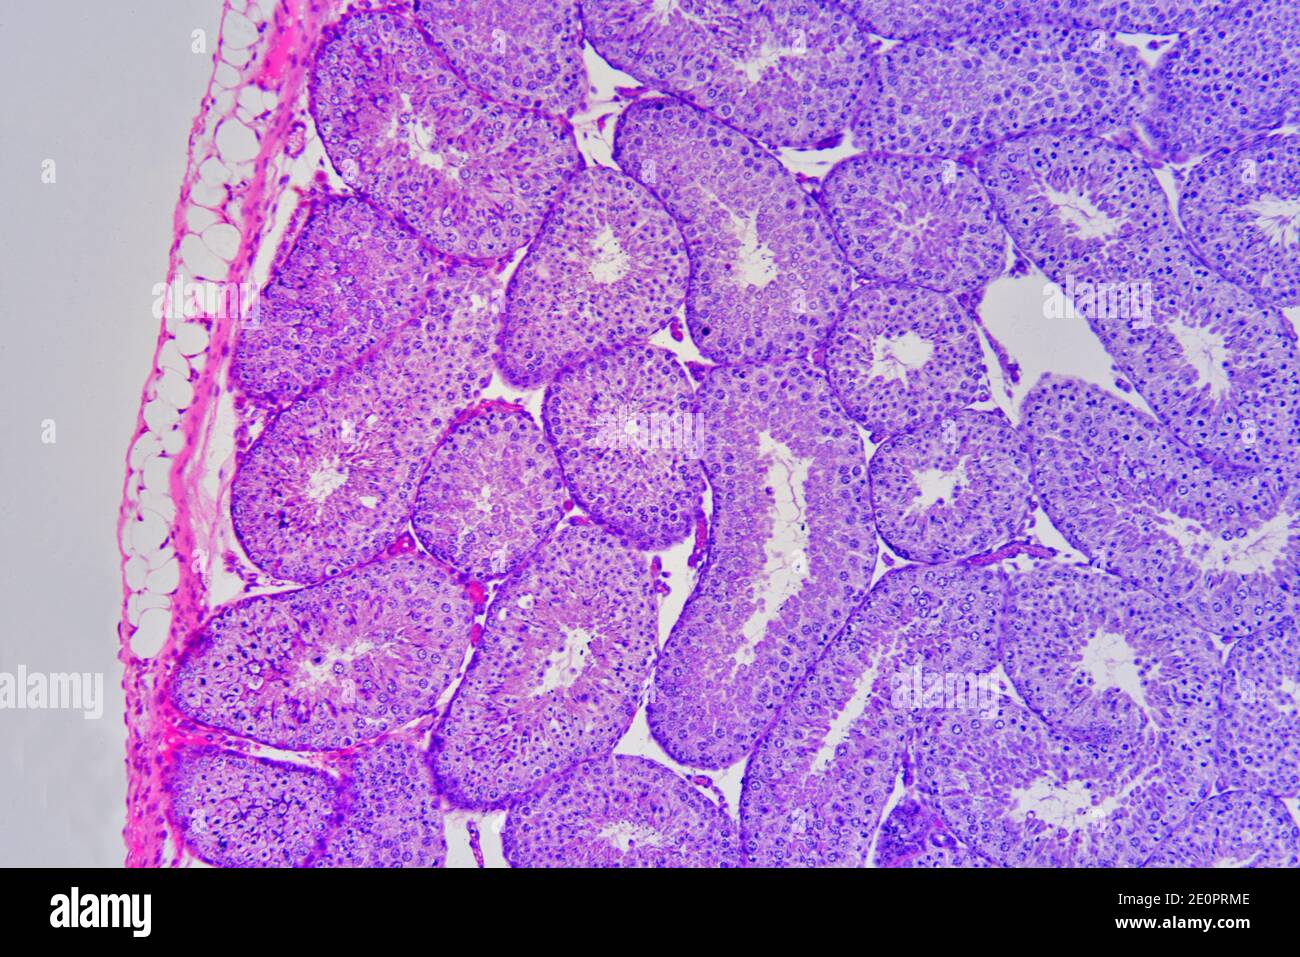 Kaninchenhoden von links nach rechts: Parietalschicht und Samenbläschenlobulus mit Spermien. Photomikrograph X75 mit einer Breite von 10 cm. Stockfoto
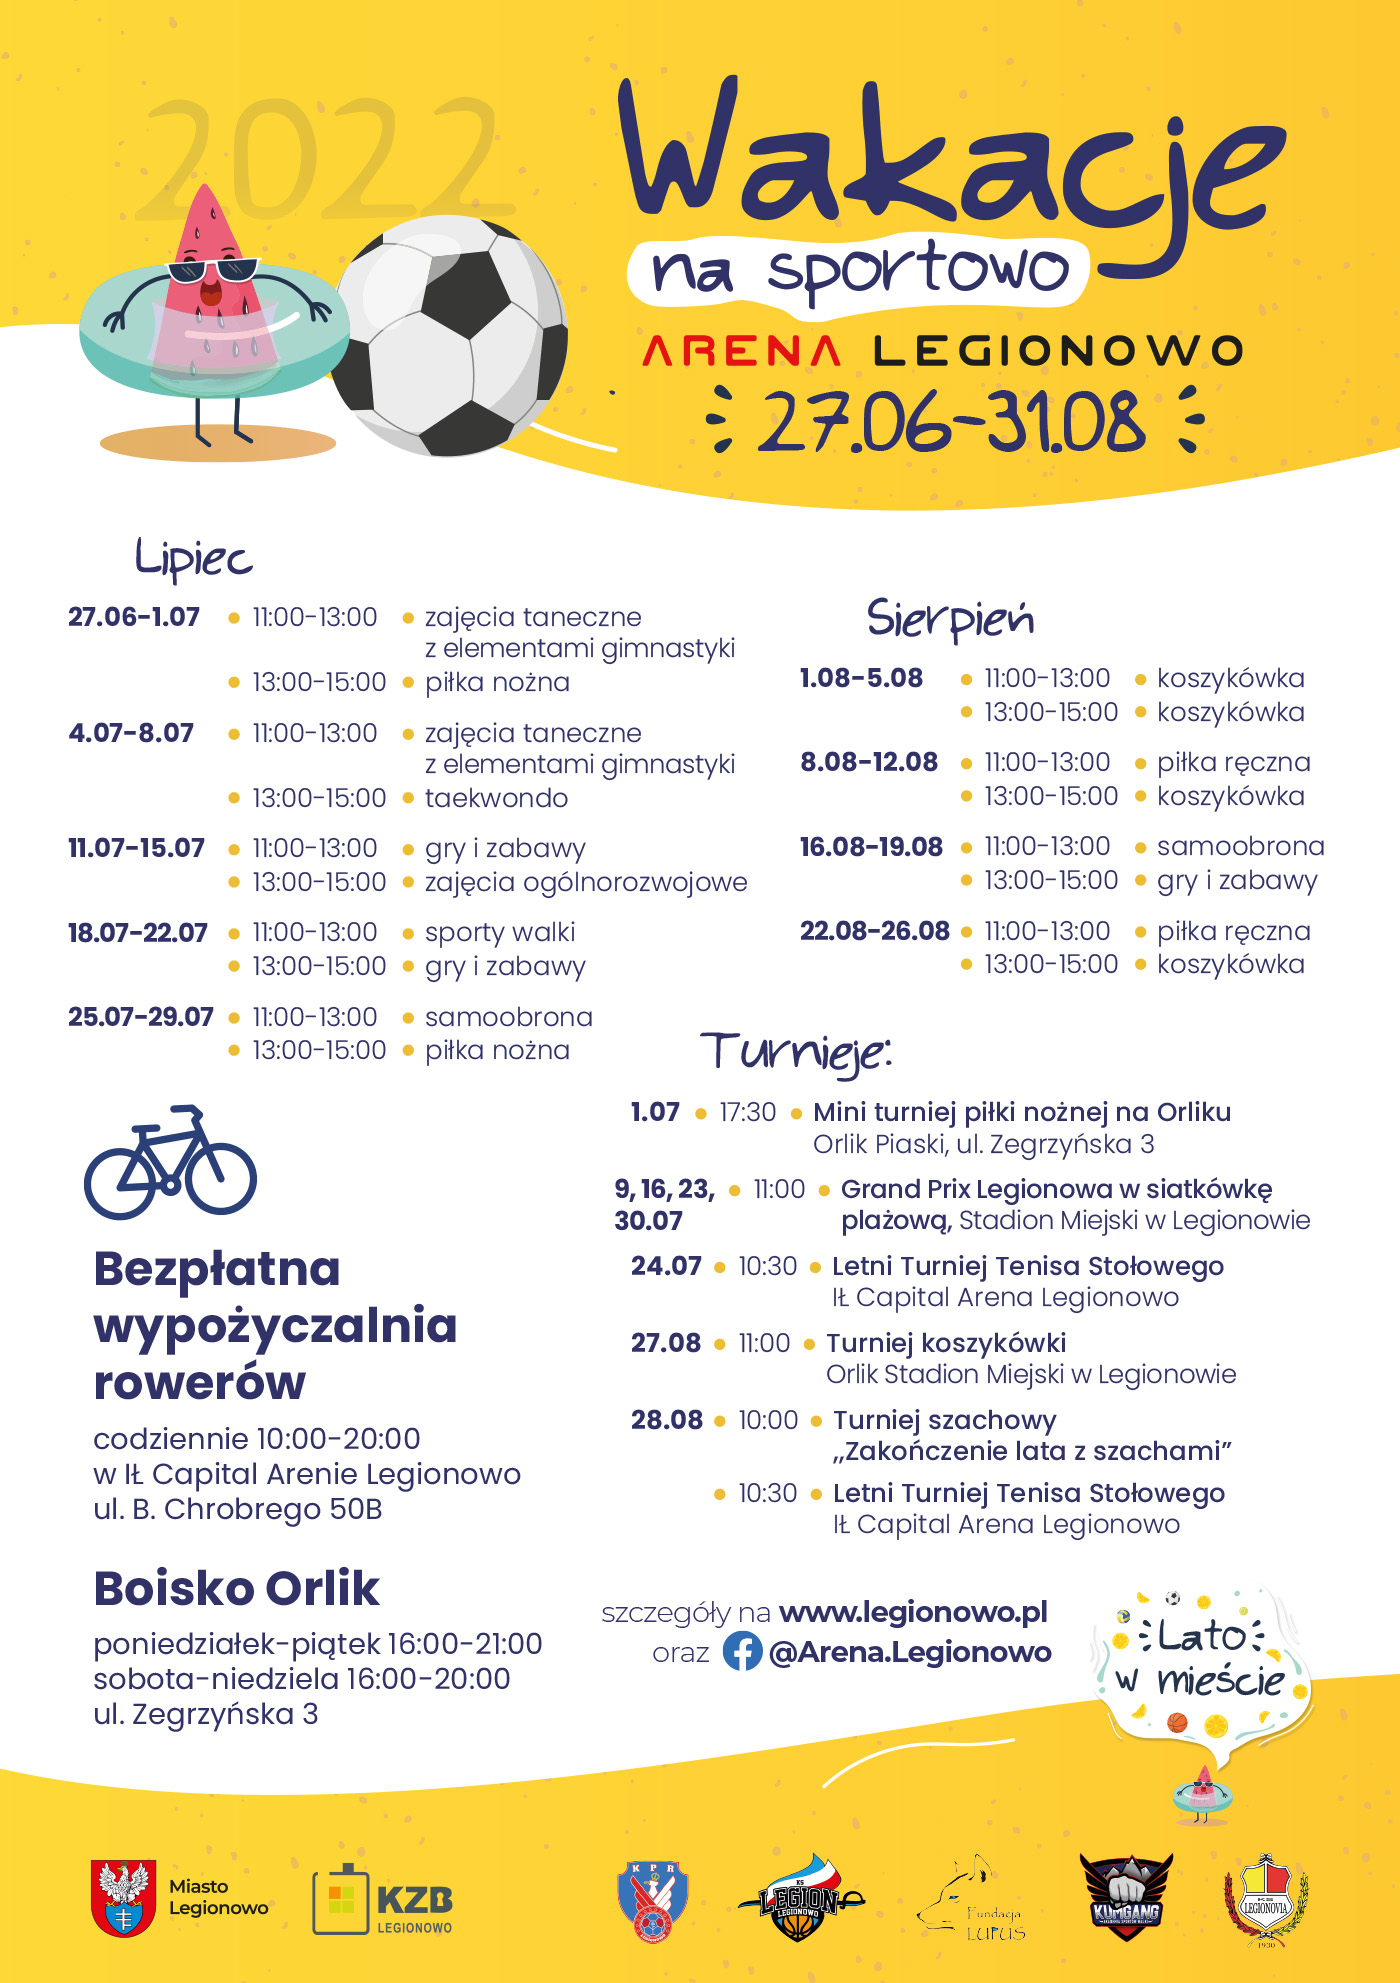 Plakat z informacjami o wakacjach na sportowo 2022 w Legionowie
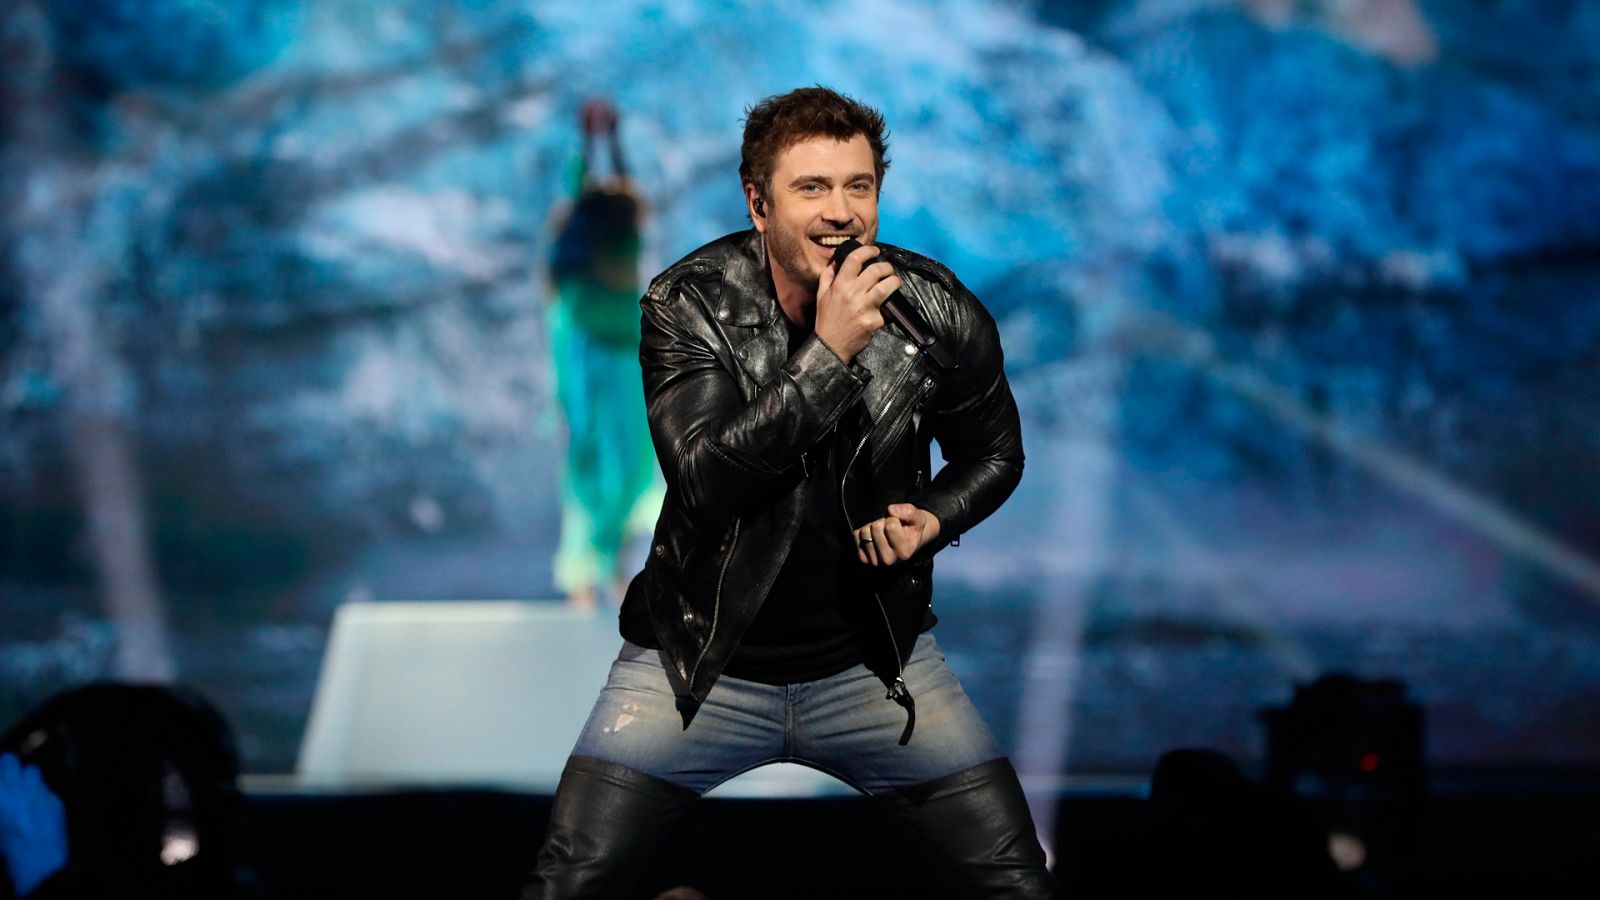 Eurovisión 2019 - Finlandia: Darude feat. Sebastian Rejman canta "Look away" en la primera semifinal
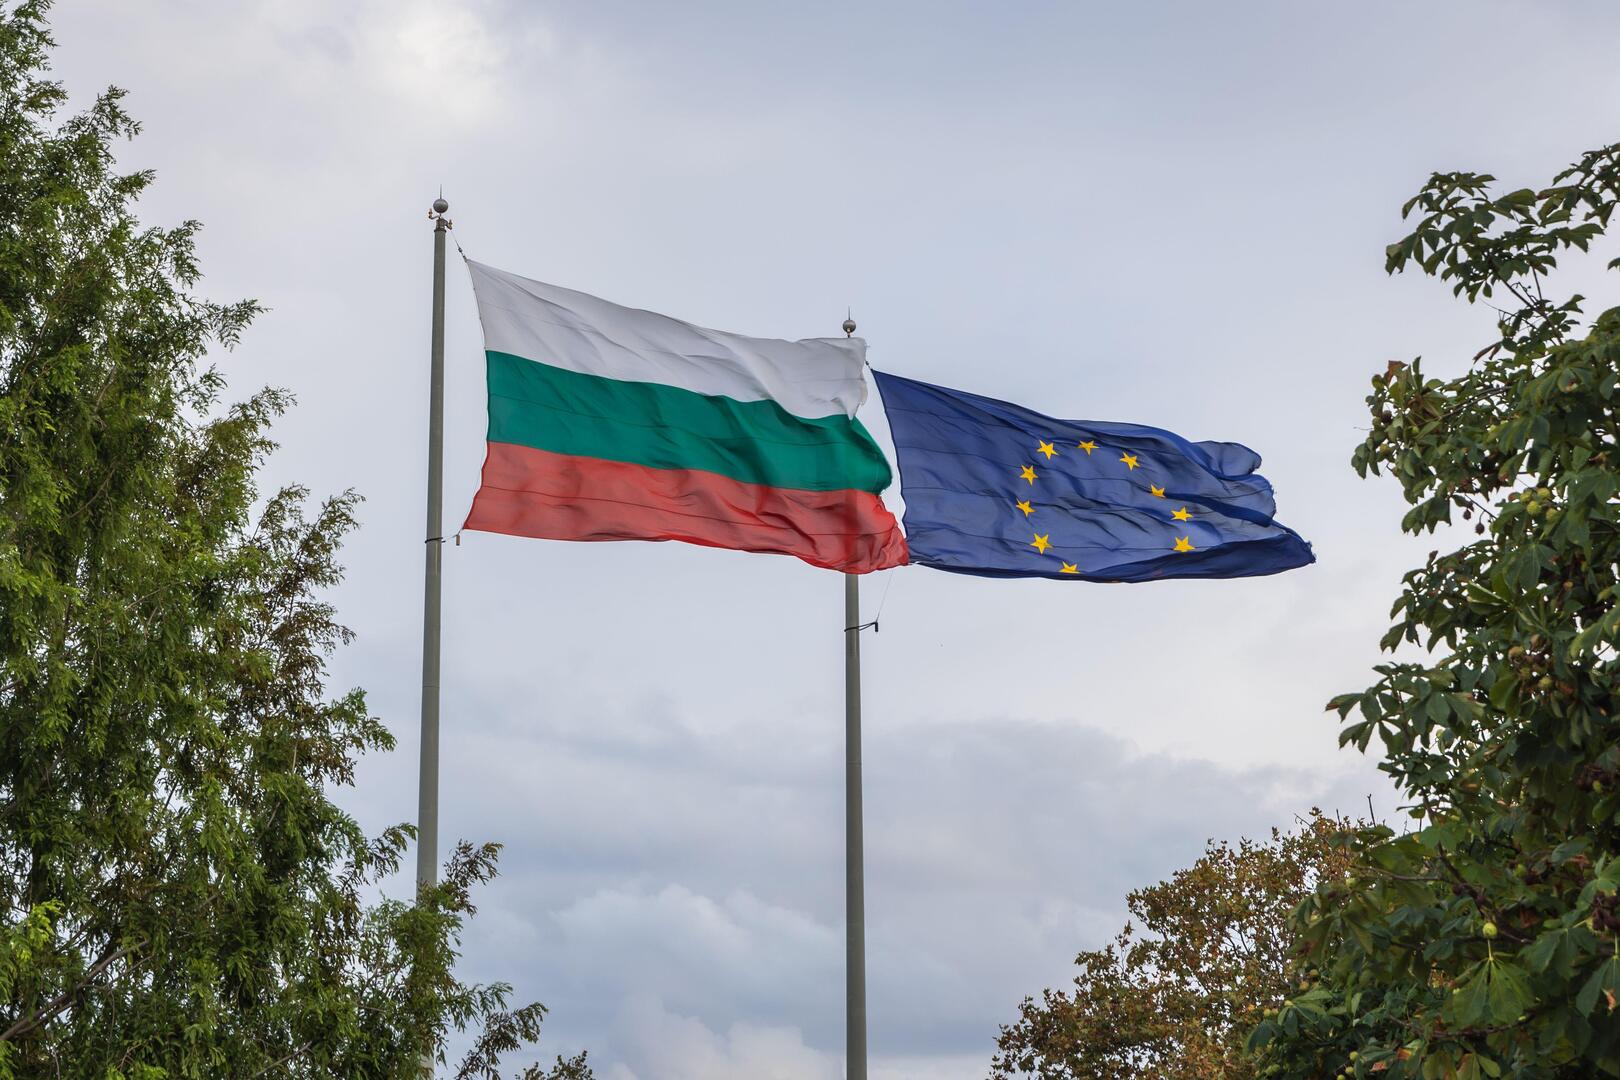 المفوضية الأوروبية تخصص 600 مليون يورو لبلغاريا لتعزيز الحدود مع تركيا
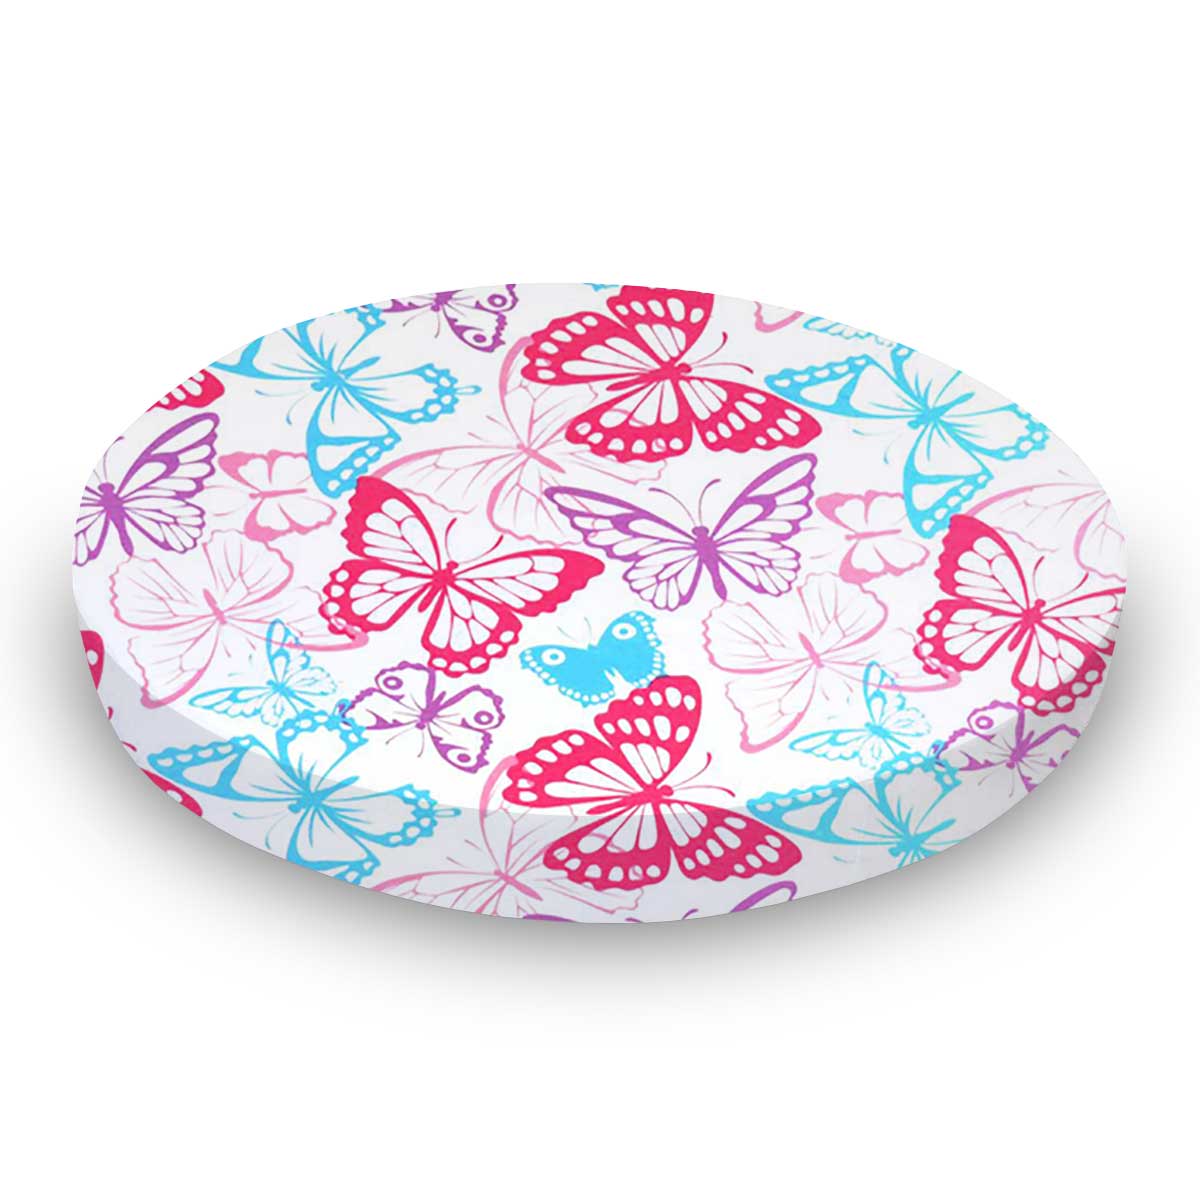 Oval Crib (Stokke Sleepi) - Butterflies Jersey Knit - Fitted  Oval

■ ■ ■ ■

Leave the pictures out and restate exactly the lines from the one that has "المفوضية الأوروبية تخصص" through the final line of the entries above, both ends included.

 المفوضية الأوروبية تخصص 600 مليون يورو لبلغاريا لتعزيز الحدود مع تركيا
 Oval Crib (Stokke Sleepi) - Butterflies Jersey Knit - Fitted  Oval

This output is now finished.